In this work, all electrochemical measurements were performed by cyclic voltammetry (CV) and square wave voltammetry (SWV) at room temperature using a Voltalab 80 model PGZ 402 analyzer instrument (Hach Lange, France) controlled with Voltamaster 4.0 software. All experiments were carried out using a 5 mL electrochemical cell connected to a conventional three electrode system with a platinum plate as an auxiliary electrode (active surface: 0.19 cm2), a saturated calomel electrode (SCE) as a reference electrode, and a gold plate electrode as the working electrode (active surface: 0.07 cm2).
Voltammetric experiments were carried out under stirring in 0.1 M phosphate buffer solution (PBS) pH 7.4 containing 10 mM Fe[(CN)]3+/4+ couple. The potential was cycled from 0 mV and +800 mV with a scan rate of 100 mV/s. Square wave voltammetry (SWV) was carried out between 0 mV and +800 mV with a pulse amplitude of 1 mV, a pulse width of 0.02 ms, and a potential increment of 10 mV.
AFM was used to investigate the surface topography of the PEC/AuNPs/GOD film immobilized on the clean gold surfaces. The AFM measurements were carried out using an Agilent 5500 AFM (Agilent Technologies, Palo Alto, CA, USA). Silicon tips with a nominal spring constant of 20 nm−1 were used in tapping mode at a frequency of ~300 kHz.

2.4. Preparation of Polysaccharide Complex PEC/AuNPs/GOD Mixture

The polyelectrolyte complex (PEC) with oppositely charged chitosan-carrageenan showed a high encapsulation efficiency of 79% at charge ratios of 3. The kappa-carrageenan solution (1 mg/2 mL of water) was mixed with a chitosan solution to complete the coacervation process. The chitosan was prepared with 3 mg in 2 mL of liquid composed of 1.4 mL of HEPES buffer solution at pH 7.4 completed with 0.6 mL of acetic acid. The mixture was allowed to stabilize at room temperature for 15 min. Then, for the encapsulation of the enzyme, 5 mg of glucose oxidase (GOD) was added to the 1 mL polyelectrolyte complex solution and mixed again. Another 15 min of stabilization at room temperature was then allowed. Twenty microliters of AuNPs (4 × 103 AuNPs per µL) was added to 1 mL of the PEC/GOD and mixed again, followed by 15 min of stabilization. Thereafter the final mixture was kept for 24 h at 4 °C.

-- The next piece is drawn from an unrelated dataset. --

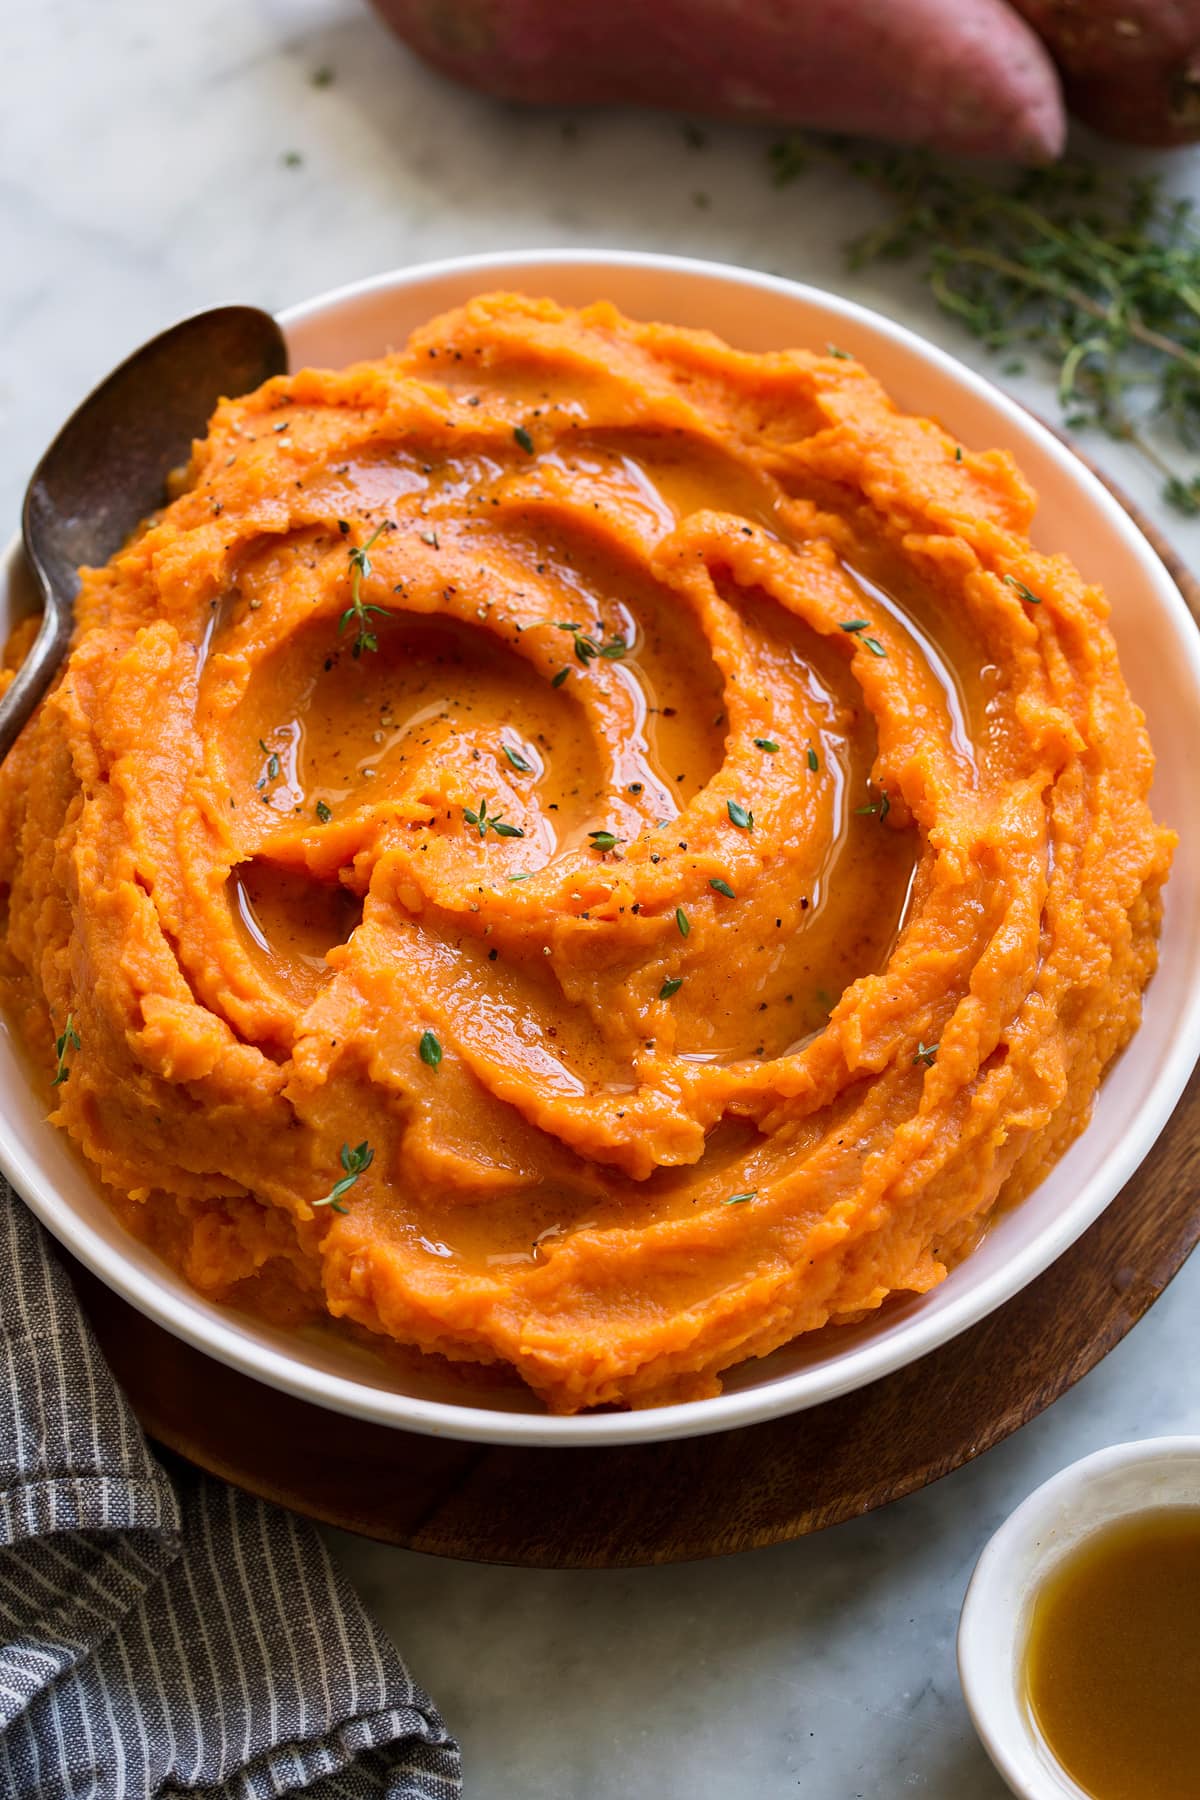 Image of bowl full of mashed sweet potatoes with melted butter on top.
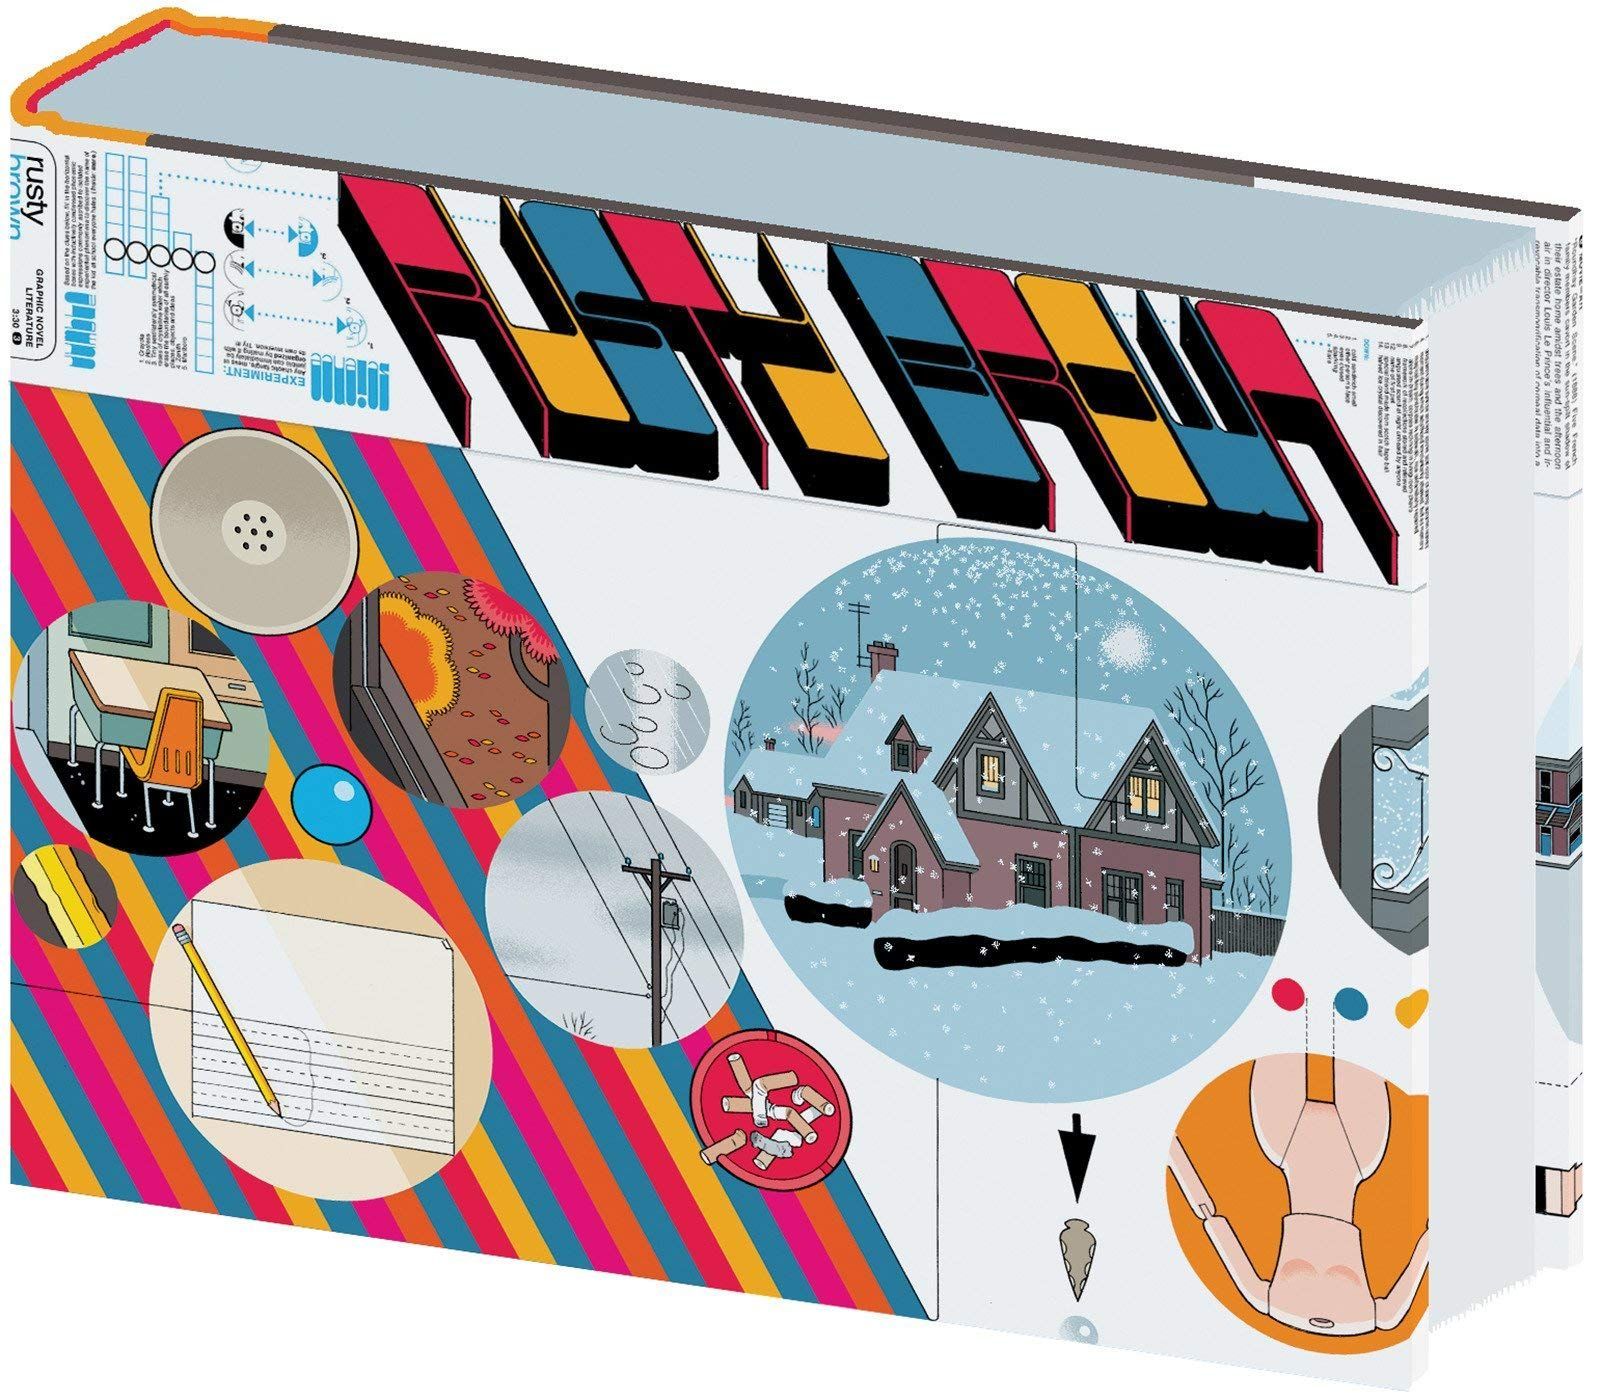 Does Chris Ware Still Hate Fun?

2.5. Elaboration of the Glucose Biosensor

Gold substrates were fabricated by the French RENATECH network (LAAS, CNRS Toulouse). They were constructed using standard silicon technologies. Silicon wafers ((100)-oriented, P-type (3–5 Ω.cm)) were thermally oxidized to grow an 800 nm-thick field oxide. Then, a 30 nm-thick titanium layer followed by a 300 nm-thick gold top layer were deposited by evaporation under vacuum.
Before functionalization of the working electrode, the surface of a gold microelectrode (1.2 × 1.2 cm2 square plates) was cleaned for 5 min in acetone in an ultrasonic bath, then in ultrapure water. Finally, it was dipped for 5 min at room temperature in a piranha solution (H2SO4:H2O2 = 3:1 v/v), then cleaned in ultrapure water, and dried under a nitrogen flow.
Subsequently, the gold electrode was incubated in an ethanolic solution of 4-ATP (10 mM) for 12 h at 4 °C in order to form an anchoring layer at the electrode surface. Then the substrate was rinsed with ethanol to remove the unbonded thiols and dried under nitrogen stream. After that, 10 µL of the homogenized mixture [PEC/AuNPs/GOD] was dropped onto the working electrode surface. The modified electrode was then placed for 20 min in saturated glutaraldehyde vapor (cross-linker) and was stored for 24 h at 4 °C. All the modified electrodes were immersed in PBS (0.1 M, pH 7.4) to examine their water stability. The different steps of preparation of the glucose biosensor are summarized in Figure 2.
The morphology of the PEC/AuNPs/GOD film deposited on the gold slides was exhibited using AFM (Figure 3). Some figures, due to stratification of the film, appear on the surface. This phenomenon is due to the interaction of PEC with gold nanoparticles, leading to the self-organization effect [19,20]. The RMS (root mean squared) roughness of the chitosan-carrageenan polyelectrolyte film is found to be 2.2 nm and is very close to that of the bare gold surface (RMS roughness 1.6 nm). No figure such as that presented in Figure 3 was observed without gold nanoparticles.

3. Results

3.1. Electrochemical Characterization of the Modified Gold Electrode

First, cyclic voltammetry (CV) was used to investigate the electrochemical properties of the gold electrodes modified by the complex of polysaccharides mixed with glucose oxidase (PEC/GOD/Au) before and after AuNP doping.
The modified gold electrode was electrochemically characterized in 0.1 M phosphate buffer solution at pH 7.4 in 1 mM of [Fe (CN)6]3/4− solution. The separation between anodic and cathodic peak potentials (∆Ep = Epa − Epc) as well as the intensity of the peaks (Ipa and Ipc) are correlated to the electron transfer properties of the electrodes.
The cyclic voltammograms before and after doping with AuNPs are presented in Figure 4. Both oxidation and reduction peaks of the Fe(CN)63−/Fe(CN)64− couple are clearly detected, the observed value of ∆Ep is 0.09 mV and anodic peaks 397 µA. After AuNPs doping (Figure 4b) of the biocomposite film (PEC/AuNPs/GOD), ∆Ep slightly increases from 0.09 mV to 0.12 mV and the anodic peak greatly increases from 397 µA to 996 µA, indicating an increase of the electron transfer rate in the presence of Au nanoparticles.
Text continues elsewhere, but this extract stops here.